[Task directions] A full, word-for-word copy of the listing below is needed; leave the images out of it.

┌─ Provided material

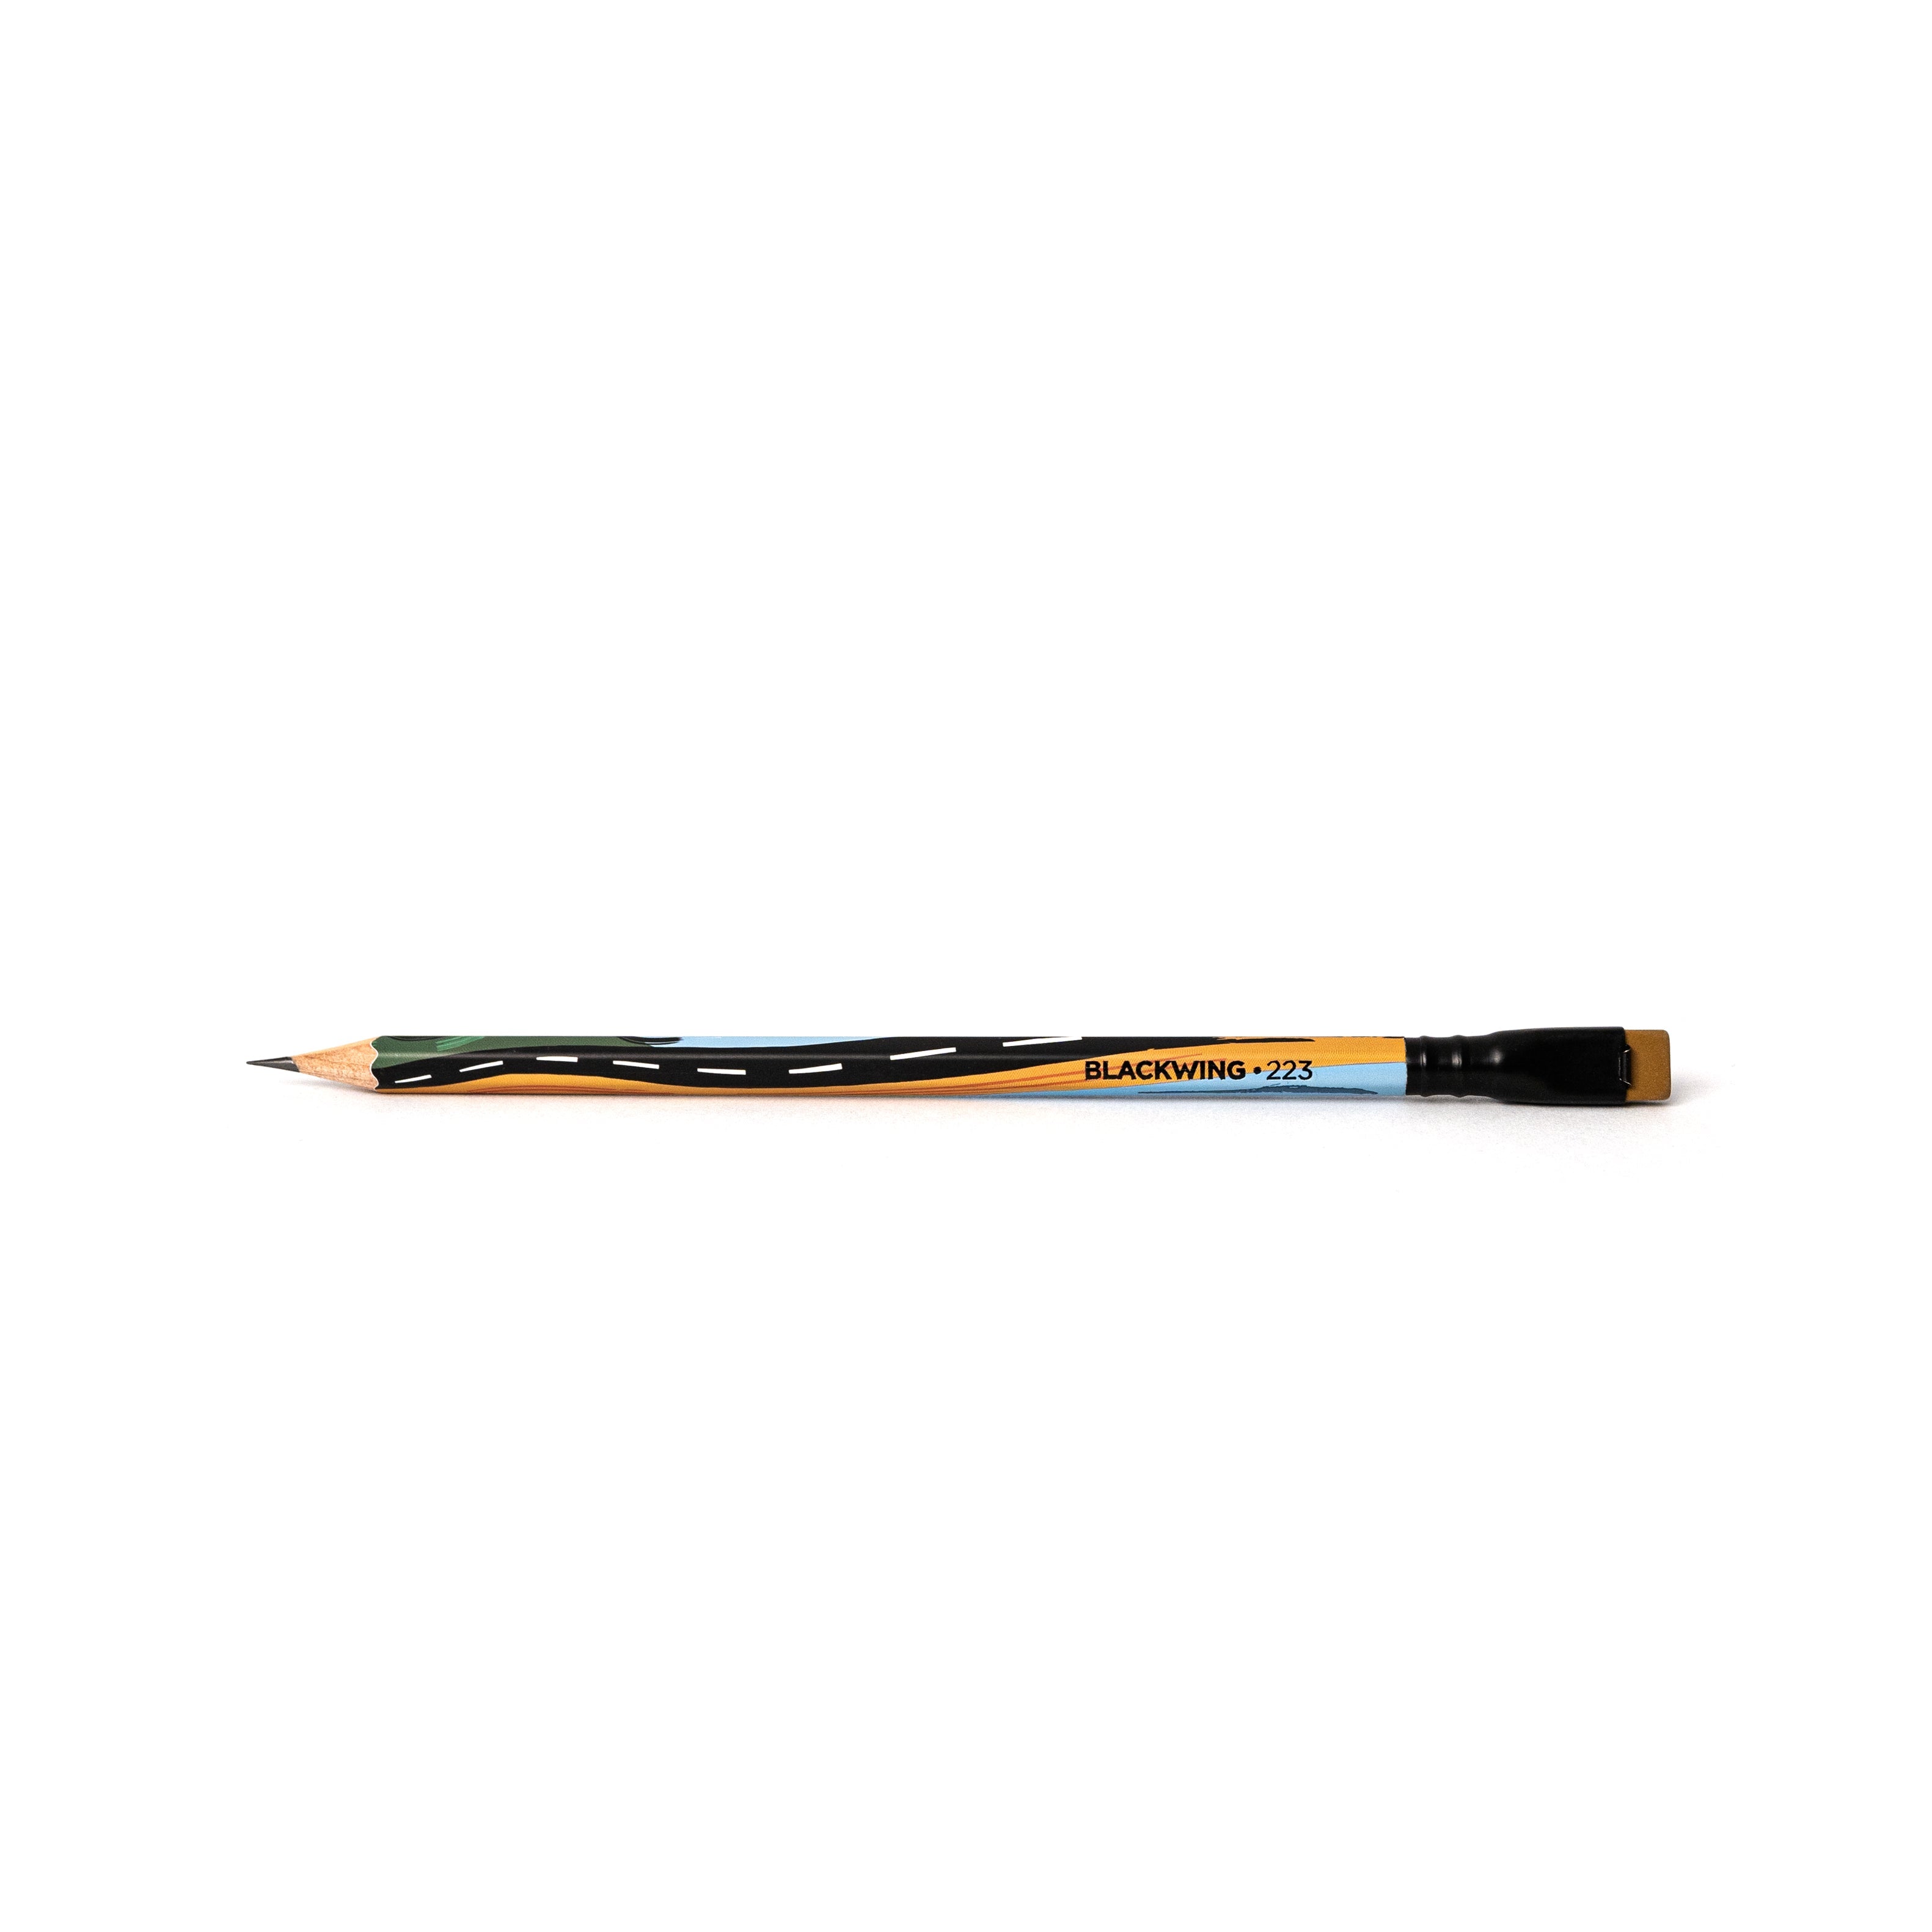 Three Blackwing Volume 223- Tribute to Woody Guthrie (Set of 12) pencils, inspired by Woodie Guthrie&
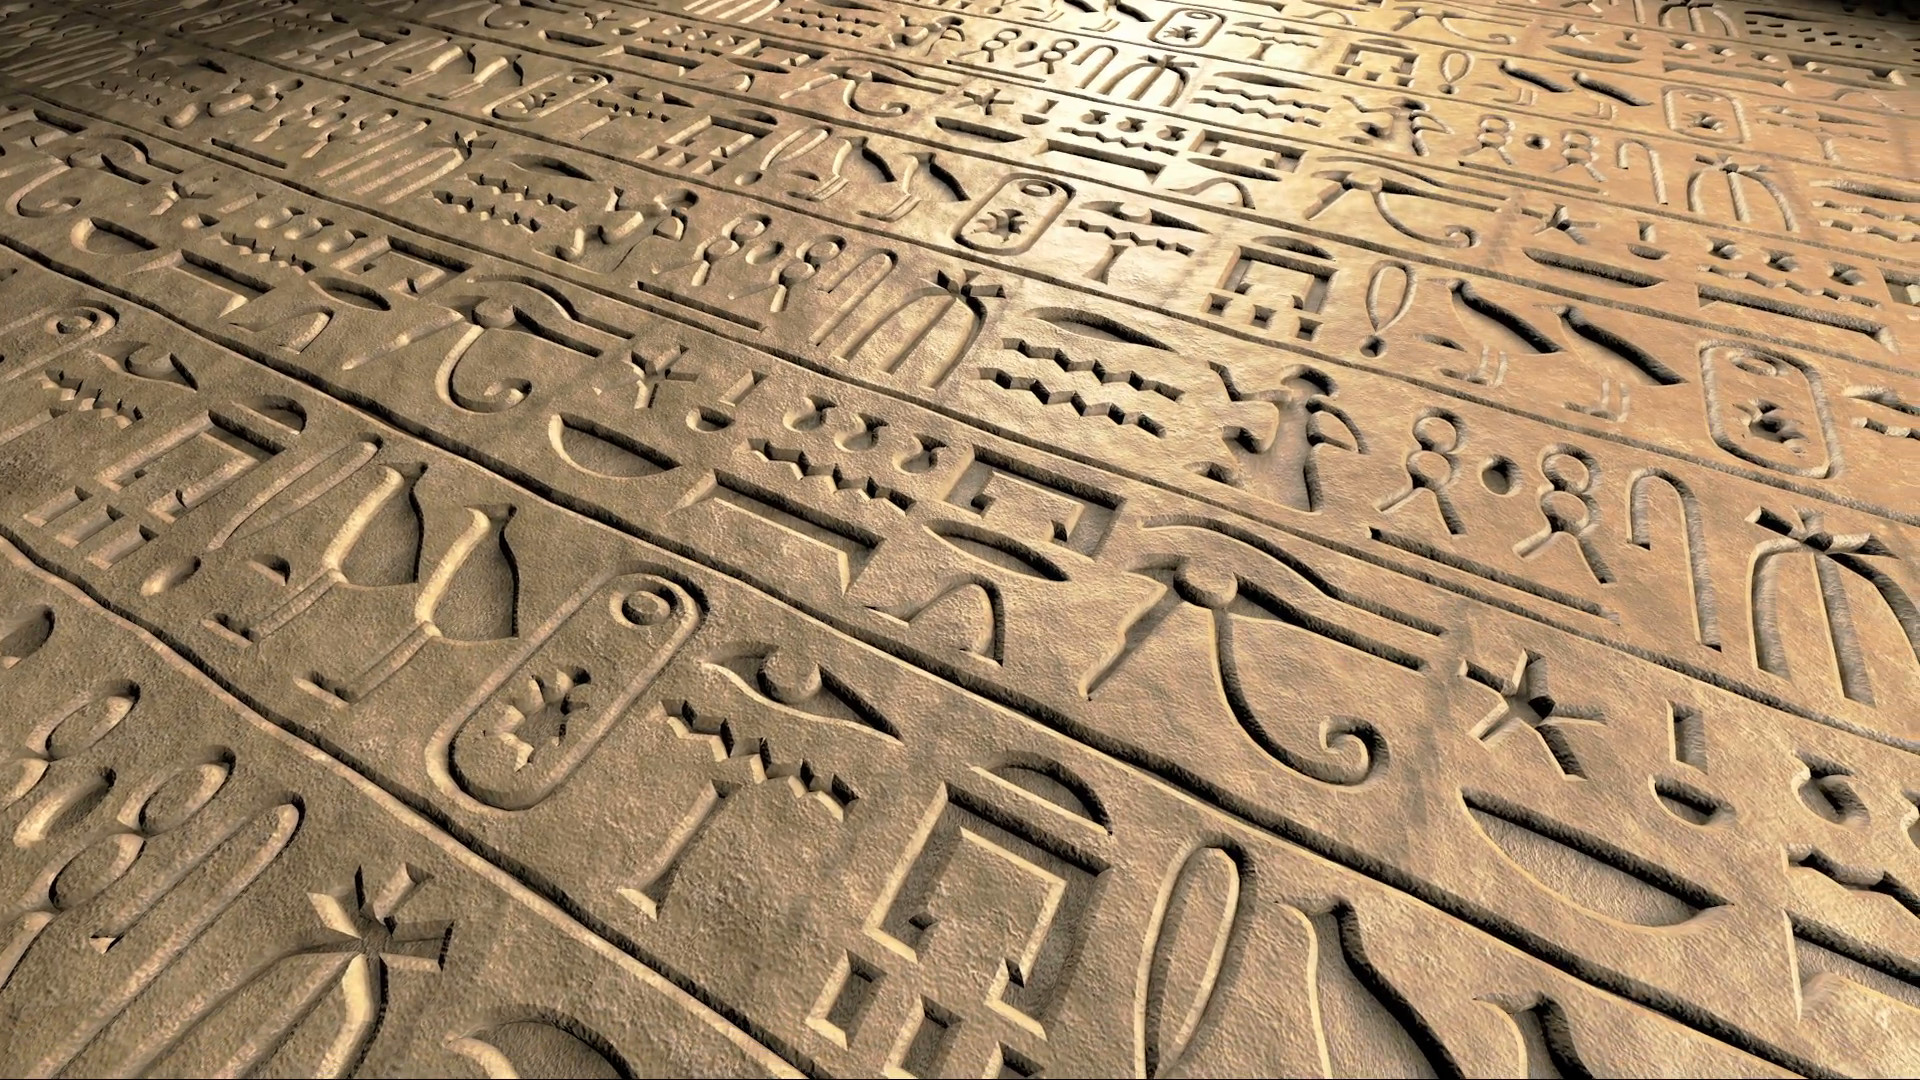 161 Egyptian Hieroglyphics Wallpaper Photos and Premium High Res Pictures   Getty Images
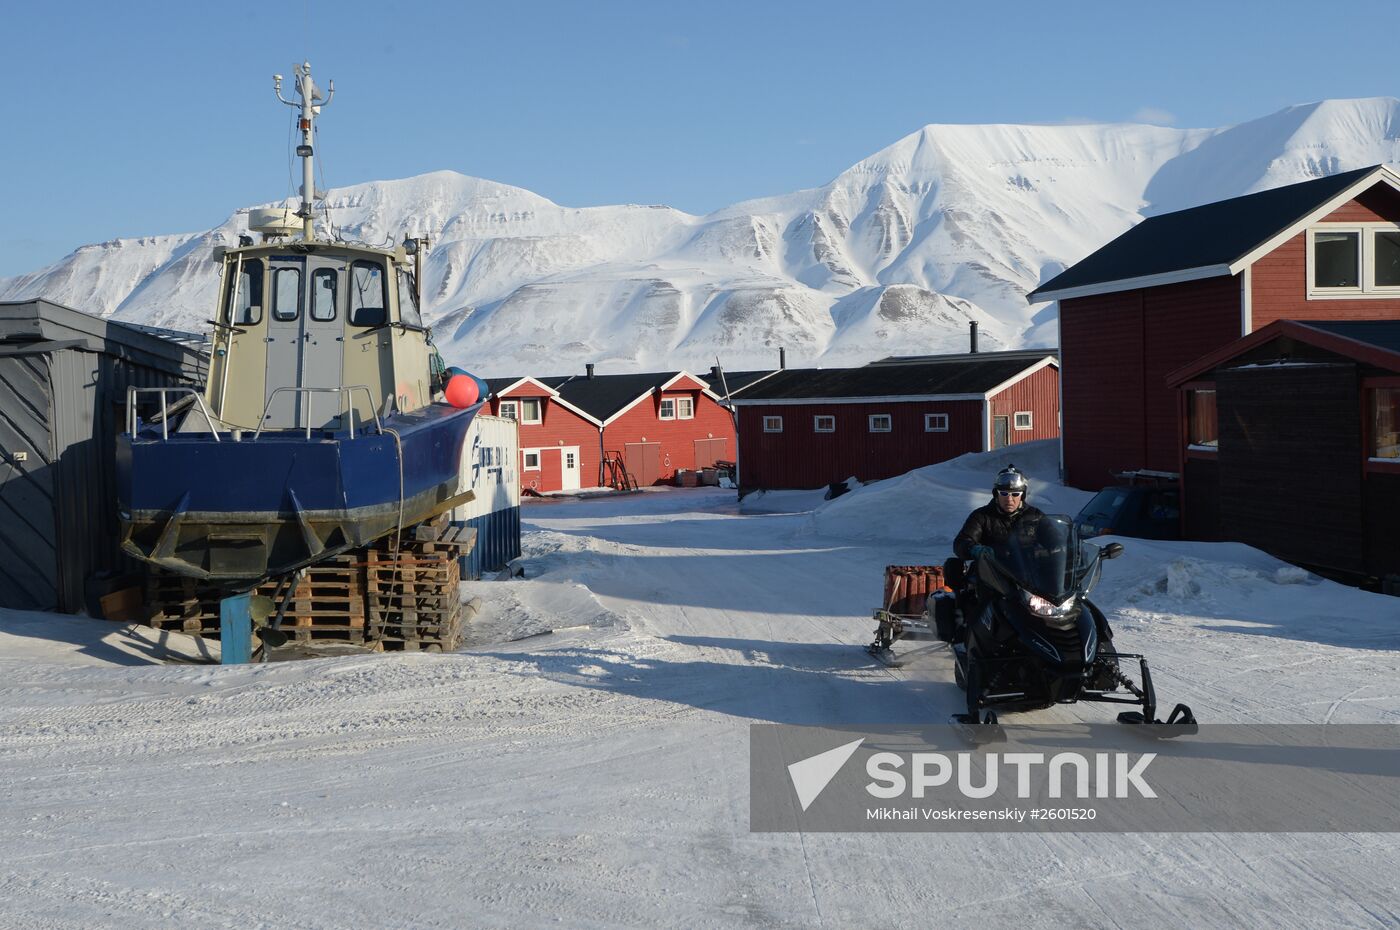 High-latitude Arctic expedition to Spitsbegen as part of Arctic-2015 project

└─

[Reply]
 Three Blackwing Volume 223- Tribute to Woody Guthrie (Set of 12) pencils, inspired by Woodie Guthrie&
 161 Egyptian Hieroglyphics Wallpaper Photos and Premium High Res Pictures   Getty Images
 High-latitude Arctic expedition to Spitsbegen as part of Arctic-2015 project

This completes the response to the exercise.